Collingswood: All Manner of Diversity
To understand why people buy houses in Collingswood, spend some time on a Saturday morning at the farmers' market. "It's so much a part of life here, probably more than I realize," said Morgan Robinson, a market sponsor and owner of Frugal Resale, a thrift boutique on Haddon Avenue, where sales and donations benefit a different charity each month.
To understand why people buy houses in Collingswood, spend some time on a Saturday morning at the farmers' market.
"It's so much a part of life here, probably more than I realize," said Morgan Robinson, a market sponsor and owner of Frugal Resale, a thrift boutique on Haddon Avenue, where sales and donations benefit a different charity each month.
She and husband Eric moved here 10 years ago from Philadelphia and bought an 1892 Queen Anne-style house that had been converted to apartments. Eric "put on a helmet, and, voila," it was a single-family home again for the Robinsons and their two sons.
Though the farmers' market draws vendors and hundreds of customers from South Jersey and beyond from 8 a.m. to noon, May to the weekend before Thanksgiving, it is a premier Collingswood social event, with "dogs and strollers" adding a certain joie de vivre to the mix, Robinson said.
Launched in 1999 as a project of the Proud Neighbors of Collingswood, the market stretches from Collings Avenue to Irvin Avenue, just west of the PATCO station.

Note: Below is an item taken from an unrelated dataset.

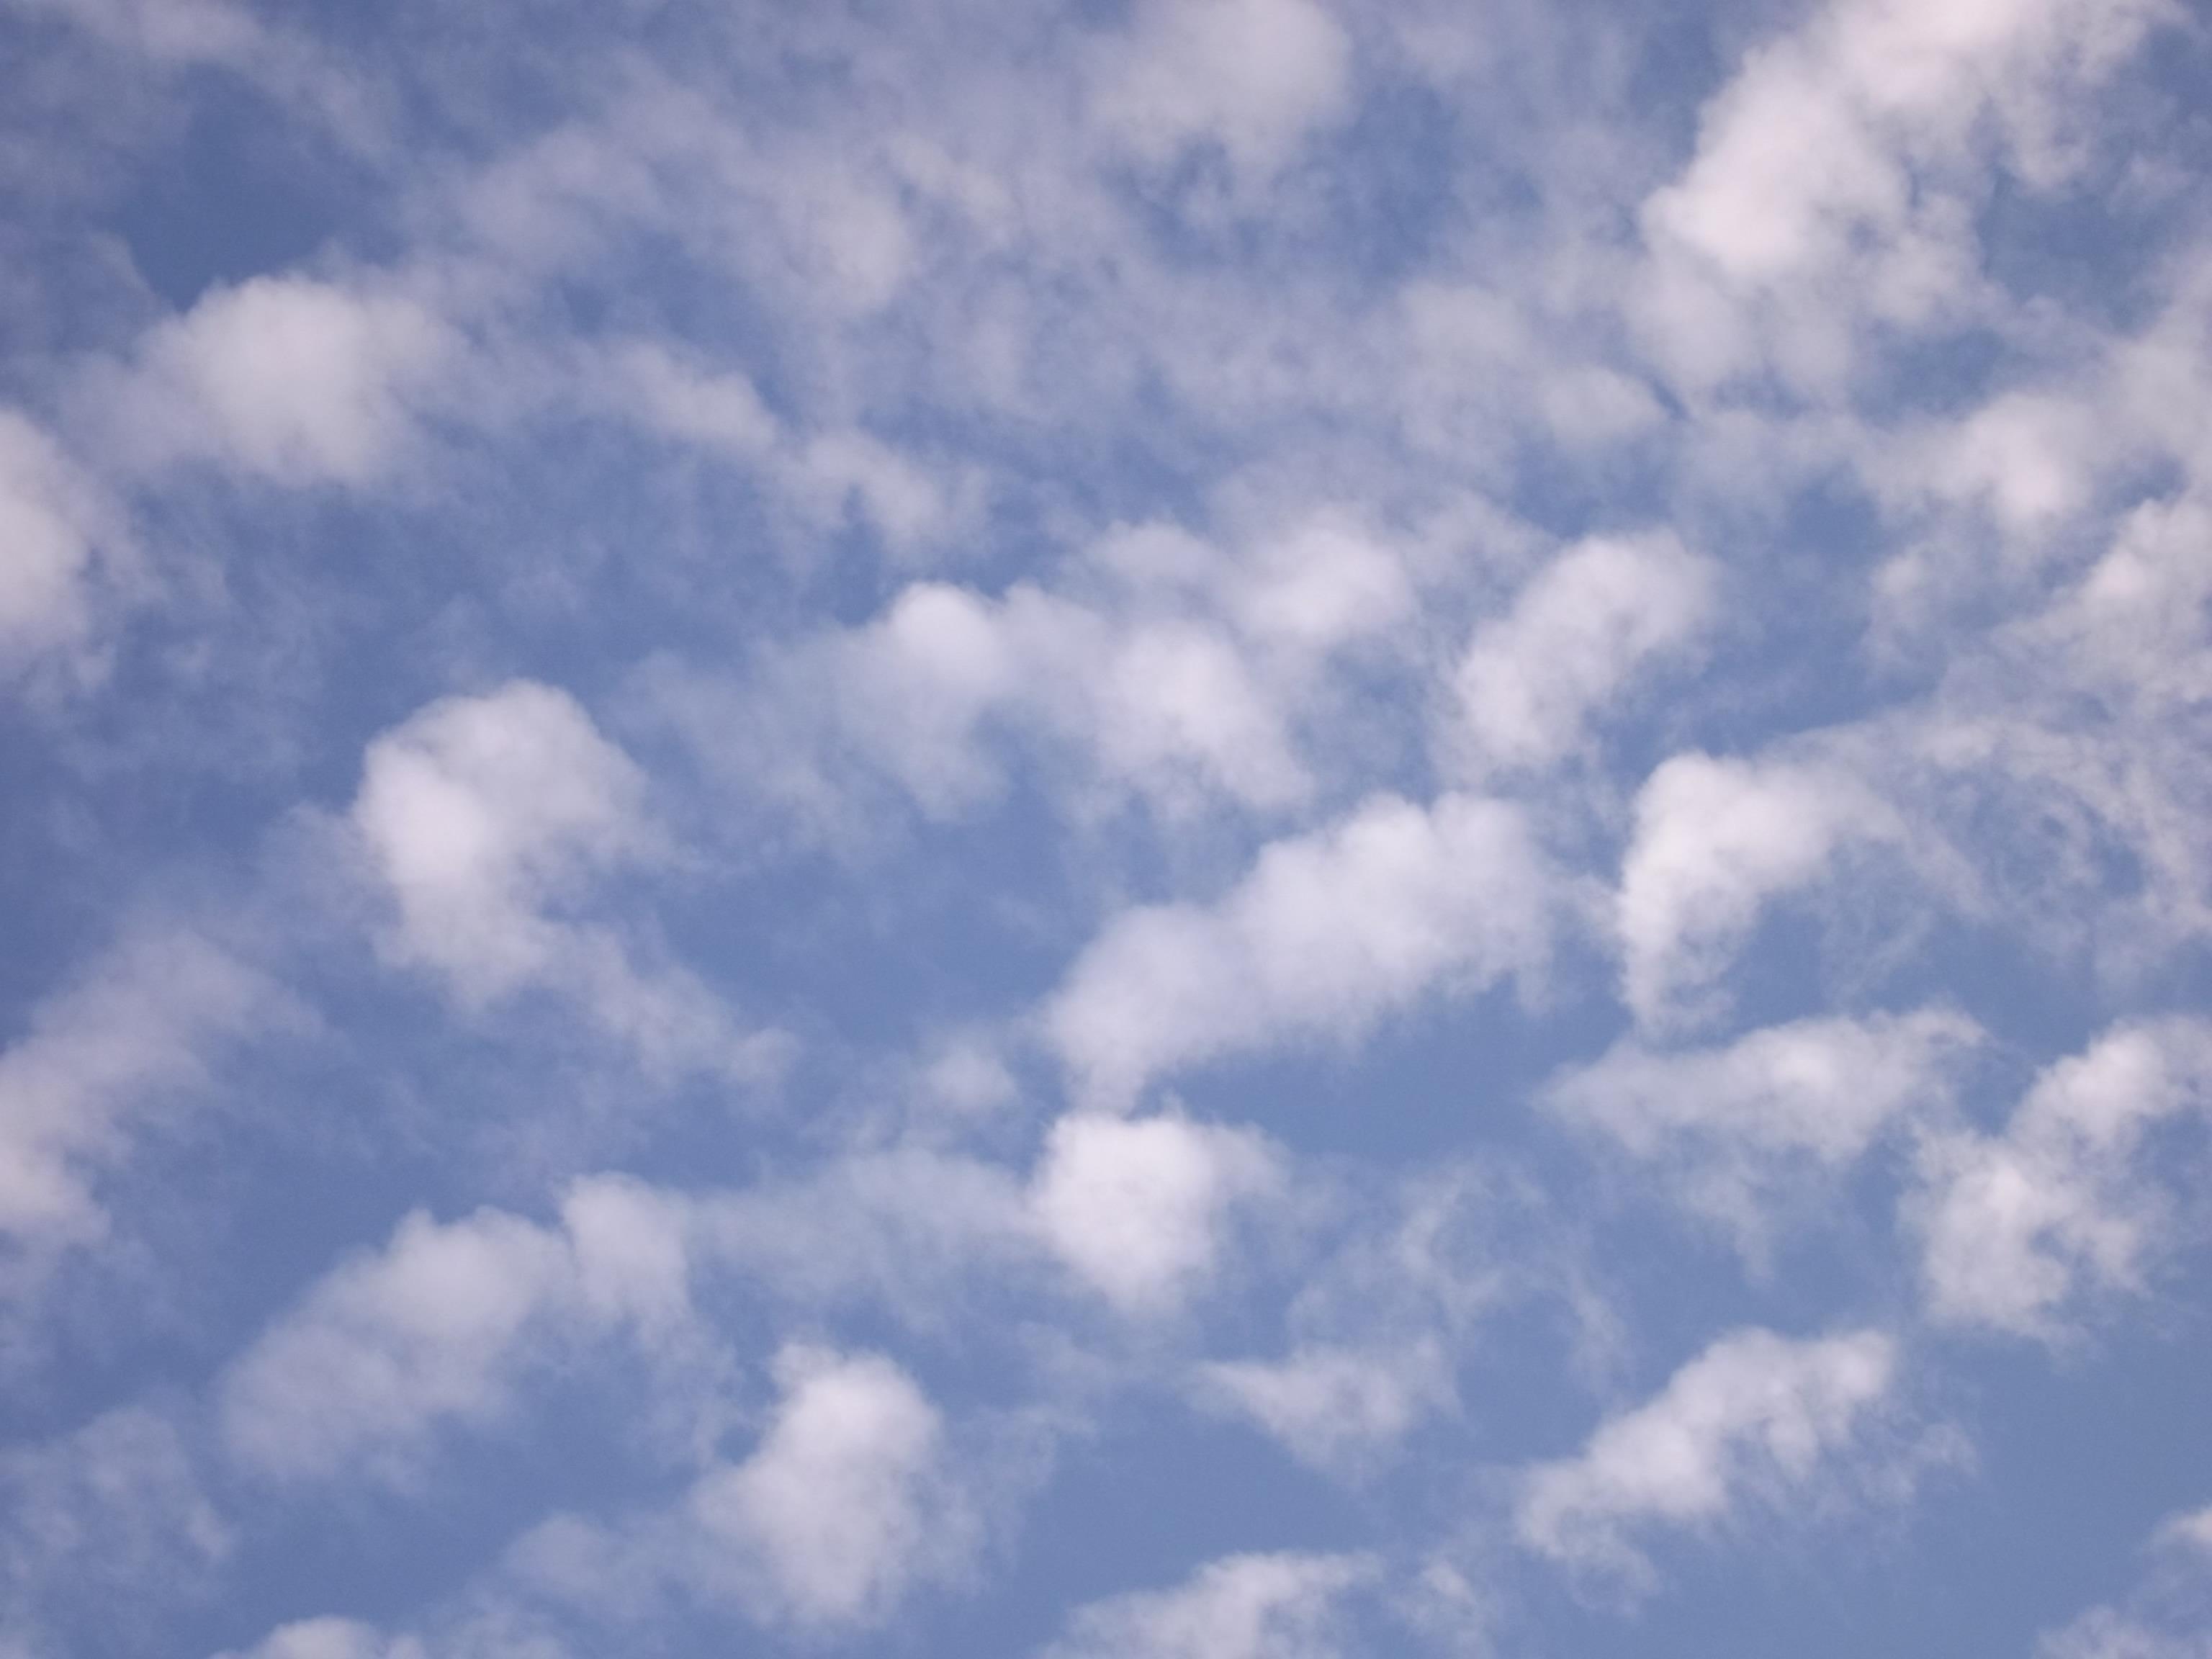 6469-wolke-himmel-blau

That station and the High-Speed Line it serves - trains run around the clock from Lindenwold to 16th and Locust Streets in Center City - is among this town's major drawing cards to home-buyers, especially for couples with jobs on opposite banks of the Delaware.
"It was a strategic choice," said artist Jacob Feige, who bought here in July. Feige teaches at Richard Stockton College in Galloway and his wife works in Center City, so reliable transportation, as well as proximity to Philadelphia and price, was key.
"We lived in New York and then Philadelphia, so this is not exciting in the same way," said Feige, 33, who is trying to balance work, a toddler, and rehabbing a 110-year-old-plus "below-average" house.
"But there is a trade-off with other amenities - schools and a yard - when you start a family," he added.
Even in an economy still unkind to small businesses and real estate, Haddon Avenue and surrounding streets are lined with an ever-growing number of restaurants and specialty stores that continue to draw people downtown.
"Everyone thinks that all of this [revitalization] happened overnight," said Joe DiBartolemeo, who has owned Collingswood Hardware for 12 years. "It took a long time."
Reed Orem is quite familiar with the intricacies of the economy. In 1999, he moved to Collingswood from South Philadelphia with his wife and son (now there are two boys) and joined Main Street Realty on Haddon Avenue.
"Real estate suffered, and that made it tough," said Orem, who in May opened Dig This on Haddon Avenue, focusing on mid-20th-century furniture styles.
On the rebound
Both the type of housing in Collingswood and the nation's economic malaise influenced his business model, Orem said: "The furniture of the 1950s and '60s is built to the scale of rowhouses and twins, and prices 20 percent to 30 percent below fair market make it worthwhile to travel the distance."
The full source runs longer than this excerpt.